Highlights & Insights

  • Paradigm Shift in Blind Extraction: The first to achieve true blind extraction in video diffusion watermarking, reducing extraction complexity from \(O(N)\) to \(O(1)\), which is vital for large-scale video platforms.
  • Exquisite Application of PRC: Uses the pseudo-random properties of PRC to maintain noise diversity under global keys, a feat traditional stream ciphers cannot achieve.
  • Dedicated Design for Causal 3D VAE: The SGO module is a specialized design for modern video diffusion models, showing a deep understanding of the architecture's temporal characteristics.

Limitations & Future Work

  • Bit accuracy has not reached 100%, which relates to the error-correction capability of PRC and diffusion inversion precision.
  • Evaluation was limited to HunyuanVideo and Wan-2.2; generalizability to other models requires further verification.
  • Robustness under high compression rates (e.g., extremely low bitrate video compression) remains to be explored.
  • Future work could integrate multi-frame voting strategies to further enhance temporal robustness.
  • vs. VideoShield/VideoMark: These non-blind methods require exhaustive matching; SIGMark achieves constant overhead via global PRC.
  • vs. Gaussian Shading: An image watermarking method; SIGMark extends this to video and solves challenges unique to Causal 3D VAE.
  • vs.

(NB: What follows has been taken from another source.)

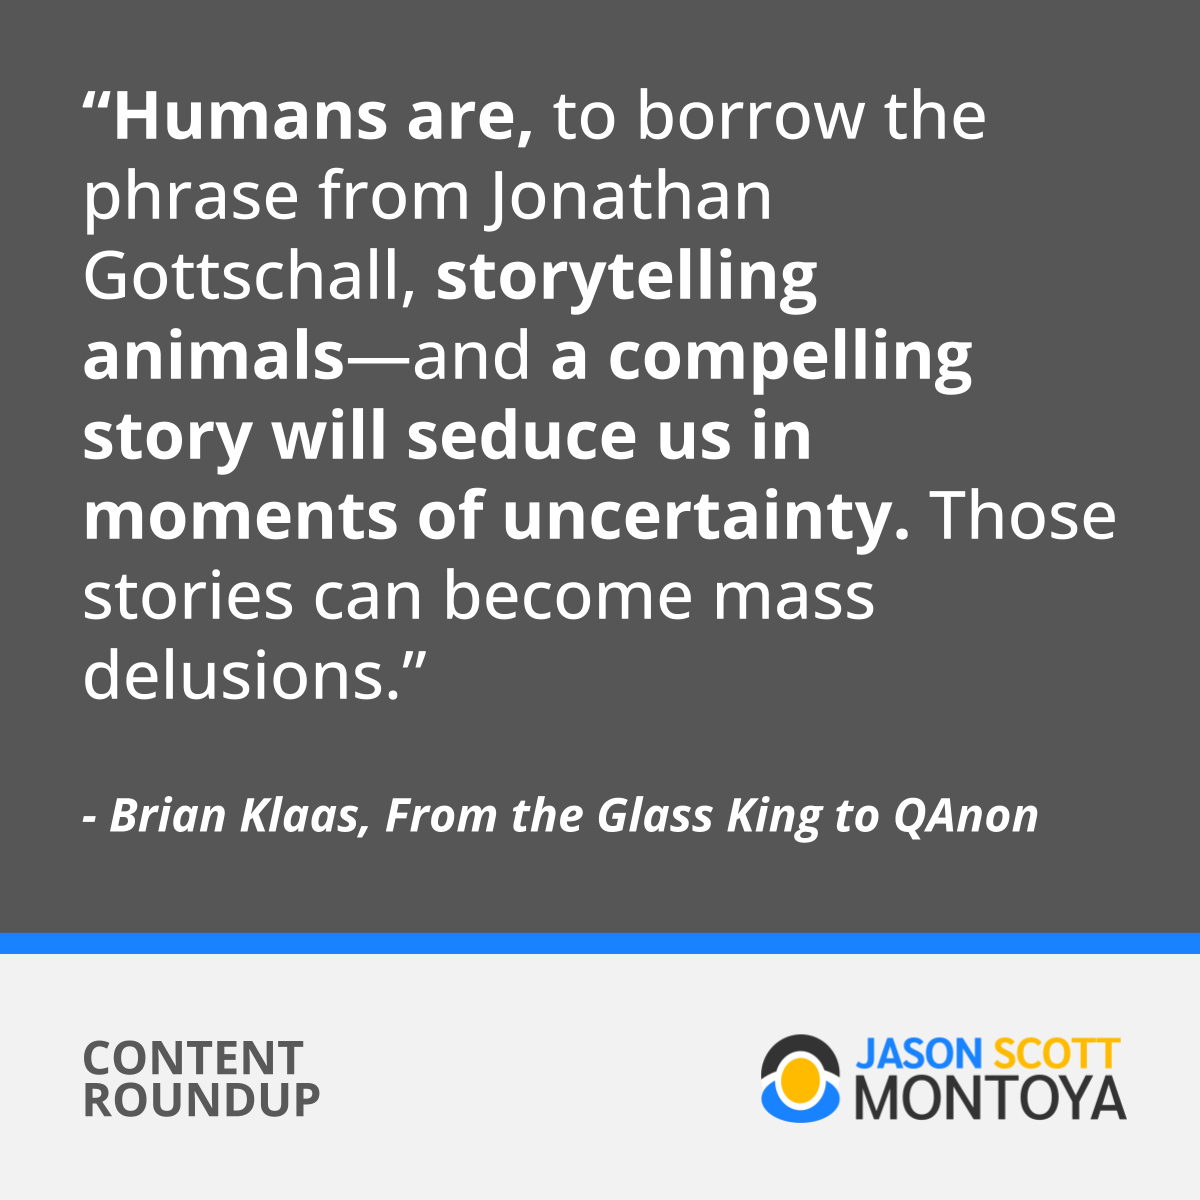 “Humans are, to borrow the phrase from Jonathan Gottschall, storytelling animals—and a compelling story will seduce us in moments of uncertainty. Those stories can become mass delusions.”  - Brian Klaas, From the Glass King to QAnon

DCT/DT-CWT: Post-processing methods inevitably degrade quality, while SIGMark maintains generation quality.

Rating

  • Novelty: ⭐⭐⭐⭐ First blind extraction for video diffusion; ingenious GF-PRC and SGO.
  • Experimental Thoroughness: ⭐⭐⭐⭐ Two mainstream models, multiple perturbations, ablation studies, and scalability analysis.
  • Writing Quality: ⭐⭐⭐⭐ Clear problem definition and logically rigorous method description.
  • Value: ⭐⭐⭐⭐⭐ High practical value for AI video security.